November 15, 2004
By AMY RUTLEDGE
6 News Anchor/Reporter
KNOXVILLE (WATE) -- Online diploma mills are a booming business that allow users to bypass the books and put up some cash for a quicker but more deceptive degree.
Typing "Internet degree" in a search engine finds a page full of replies. 6 News found one site called instantdegrees.com. The company touts getting a degree and legal use of a title in just days with no attendance.
For $160, 6 News turned executive producer Bill Doblilas into a doctor of philosophy in five days. He received a back-dated diploma and the potential to buy transcripts to go along with it.
There's no phone number listed to contact the company so 6 News e-mailed a list of questions. The only response was an e-mail about the company's responsibility to make sure applicants understand the FAQs. The same e-mail says that's why the company can't answer questions addressed in the FAQs.
A confidentiality agreement that came with the diploma basically threatens legal action if a connection is made public between the site and the alleged school. In this case, the school is Buxton University, supposedly in London although the postmark is from Portugal. But much like Buxton's mythical unicorn mascot, 6 News couldn't find any solid facts about the university.
Not only is it illegal and fraudulent to pass off a diploma mill degree as real, UT Vice President for Academic Affairs Dr. Bob Levy says they're frustrating to hard working students and can tarnish the images of real, accredited online education programs.
"The University of Phoenix, Nova and Walden, they're perfectly good institutions. They're accredited," Levy says.
The FBI says there are as many as 2,500 schools that have been deemed diploma mills. Officials say that several years ago, there were three or four mills operating out of Tennessee.
"One of the interesting things about degree mills, like other scams, they can't stand daylight. If somebody says, oh look there's so and so, they fold up," Levy says.

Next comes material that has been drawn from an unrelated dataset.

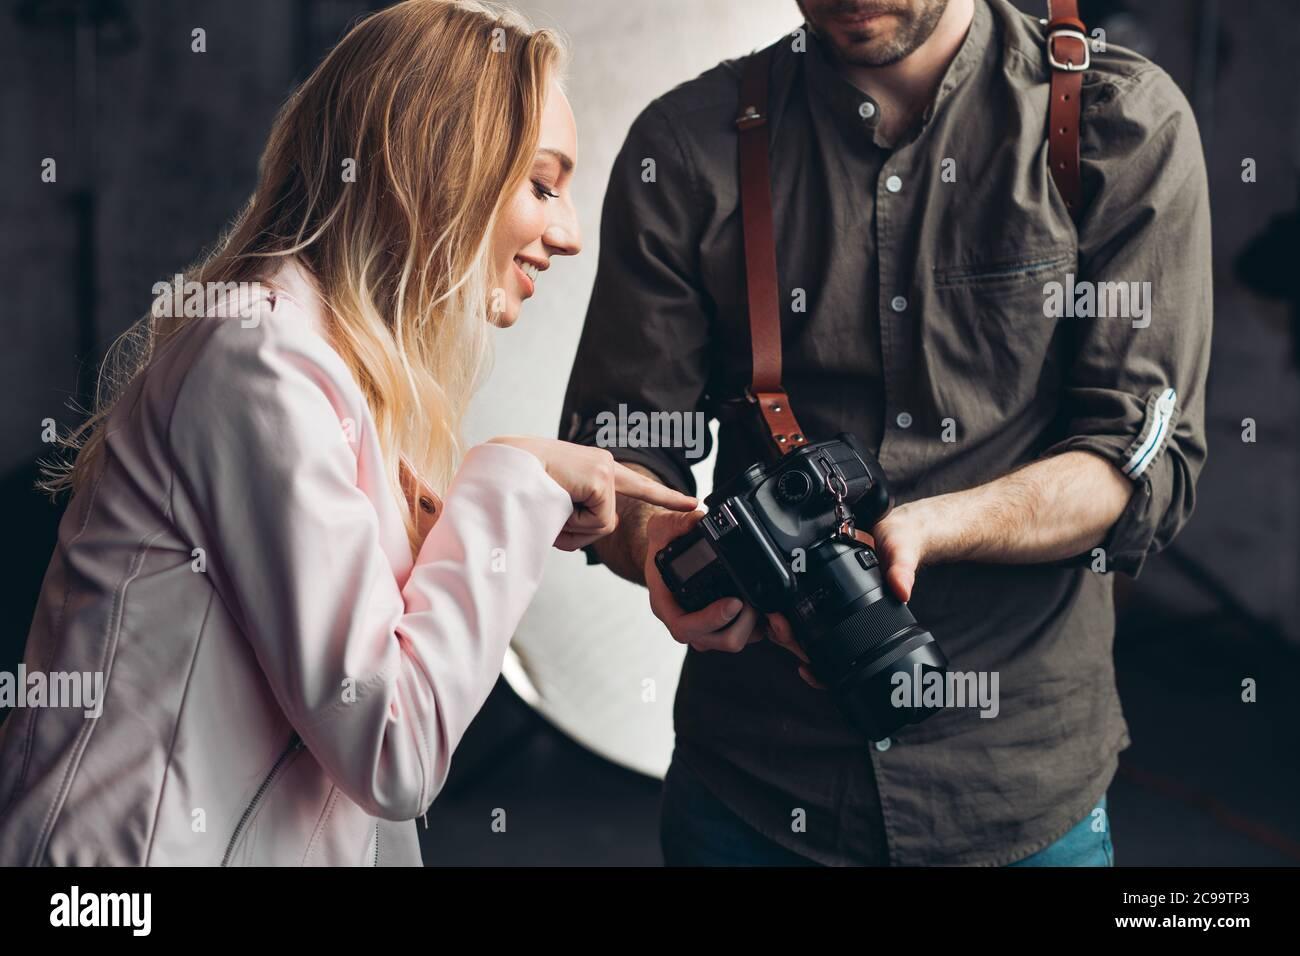 bella ragazza impressionante che punta alla foto mentre lavora con un fotografo, ragazza allegra che dà consigli per il fotografo in studio Foto Stock
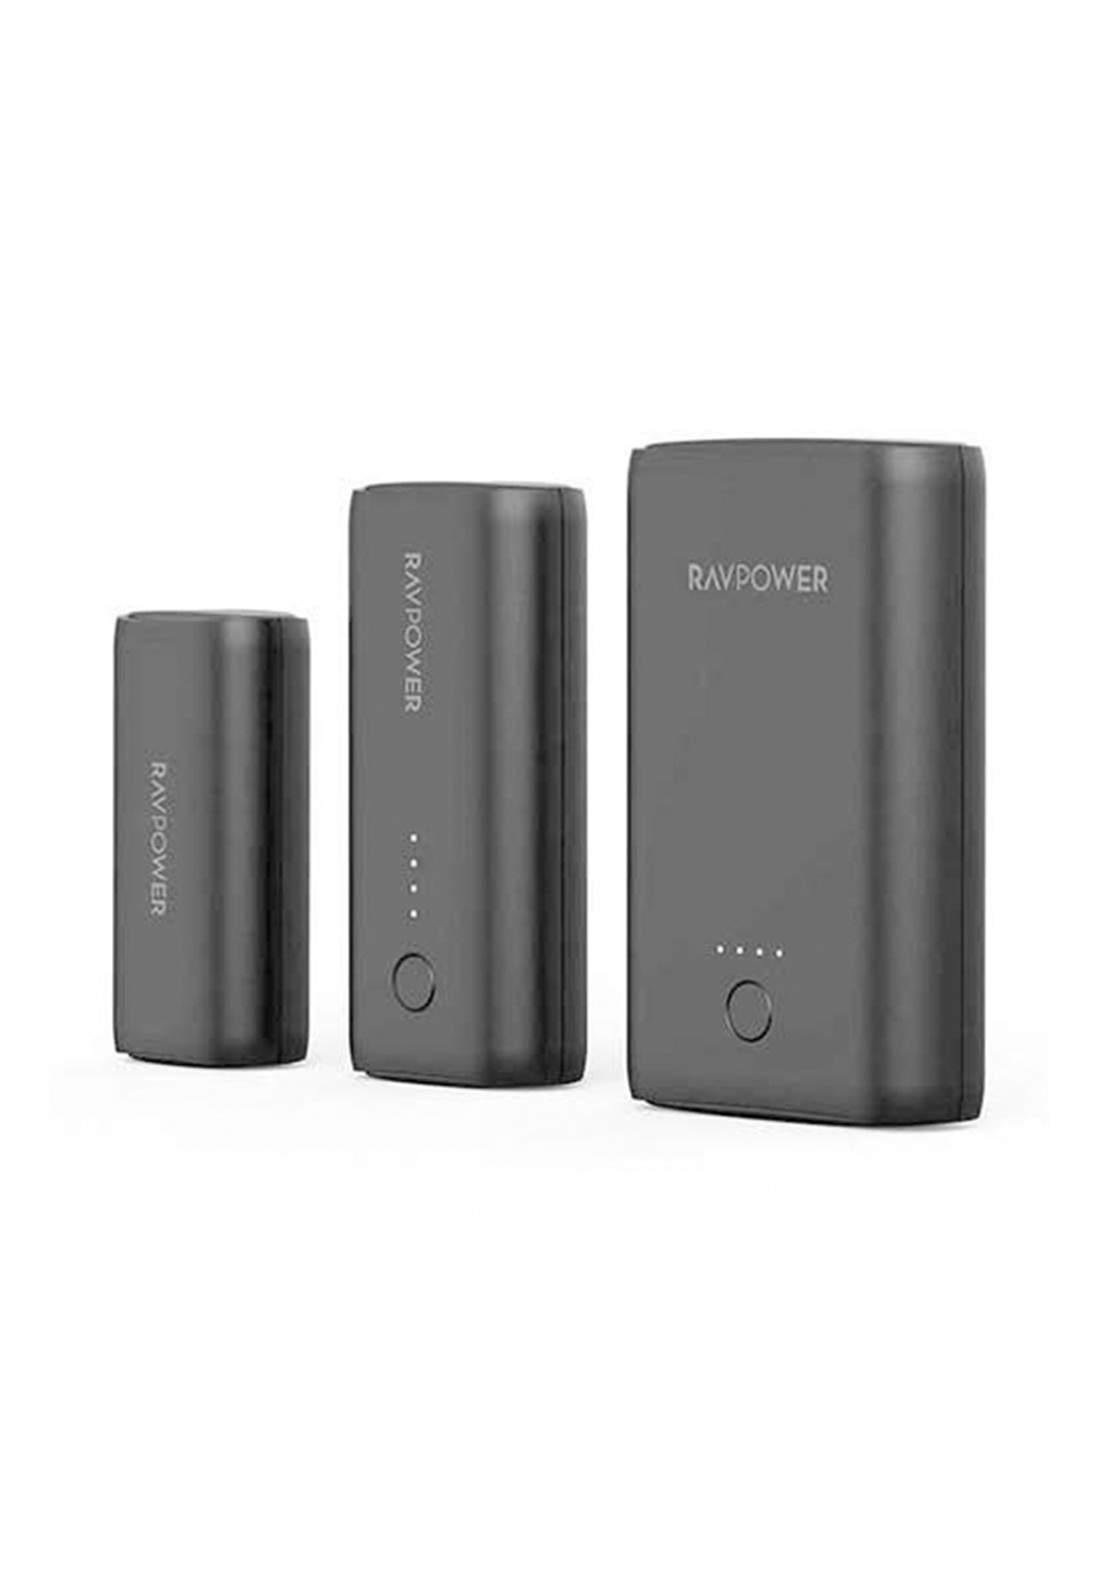 Rav Power 3 Pack Portable Charger 3350mAh, 6700mAh, 10050mAh- Black

Remember even though a school is unaccredited doesn't make it a diploma mill. Some truck driving schools, massage therapy schools and even some computer schools choose not to be accredited but still hold classes, teach students and hold them accountable for learning.
The Tennessee Legislature passed a measure that became law in July 2004 year making diploma mill degrees illegal. But some people say the law is all bark and no bite.
Unlike several states, Tennessee doesn't have a specific group investigating diploma mills. The Higher Education Commission handles schools that try to mislead students about their degrees but not institutions trying to solicit fast degrees for money.
The issue of forming an investigative body for Tennessee was recently brought to the state legislature but experts say the problem isn't big enough to bring changes.